We get a lot of questions about the best way to set up security deposits, when to use damage protection insurance, travel insurance, etc. I've seen a lot of different scenarios over the years, both with OwnerRez clients and my own properties, so here are my thoughts (I'm not a lawyer, standard disclaimers apply, bla bla bla)...

Security deposits are the first line of defense, whether you do a security hold on a card or a refundable deposit charge. I'd recommend taking a secdep even if you also have separate insurance. Not only do you have access to the funds immediately rather than having to file a claim, it also gives the guest some skin in the game so they tend to treat your property with more respect. You can also charge a deposit for other items covered in the renter agreement -- undisclosed extra guests, pets, etc. "covered in the renter agreement" is the key phrase there -- if the guest didn't agree to it prior to the charge, you'll loose a chargeback if they do one.

That said, there are issues that a secdep won't cover. Damage for an amount more than the secdep for one. There's also a risk of chargebacks unless you're taking the deposit by check. You can win chargebacks, but it's a capricious system. If the bank doesn't like you and the guest denies having done the damage, the bank sometimes just ignores the renter agreement and tells you to take the guest to court if you don't like it.
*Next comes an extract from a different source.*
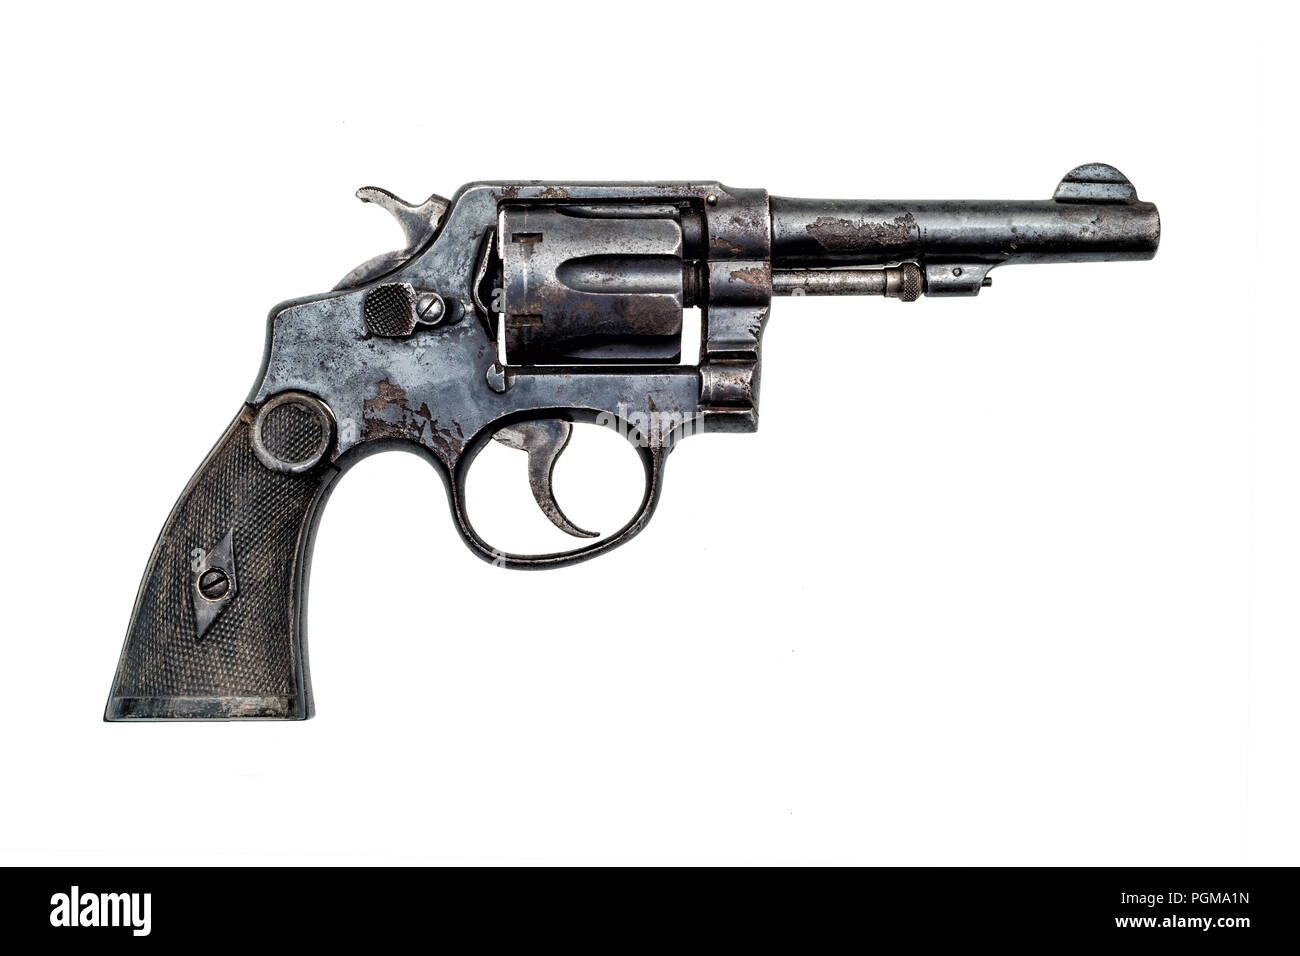 La police militaire vieux revolver rouillé handgun on white background Banque D'Images

I wouldn't recommend doing an additional charge for more than the security deposit for that exact reason -- if you don't have documentation that the guest specifically authorized an additional charge, you'll loose the chargeback. For secdeps, they specifically authorized the charge so that'll typically stand up, but language in a renter agreement about charging an undefined additional amount if necessary doesn't meet the banking requirements -- you'd have to take the guest to court.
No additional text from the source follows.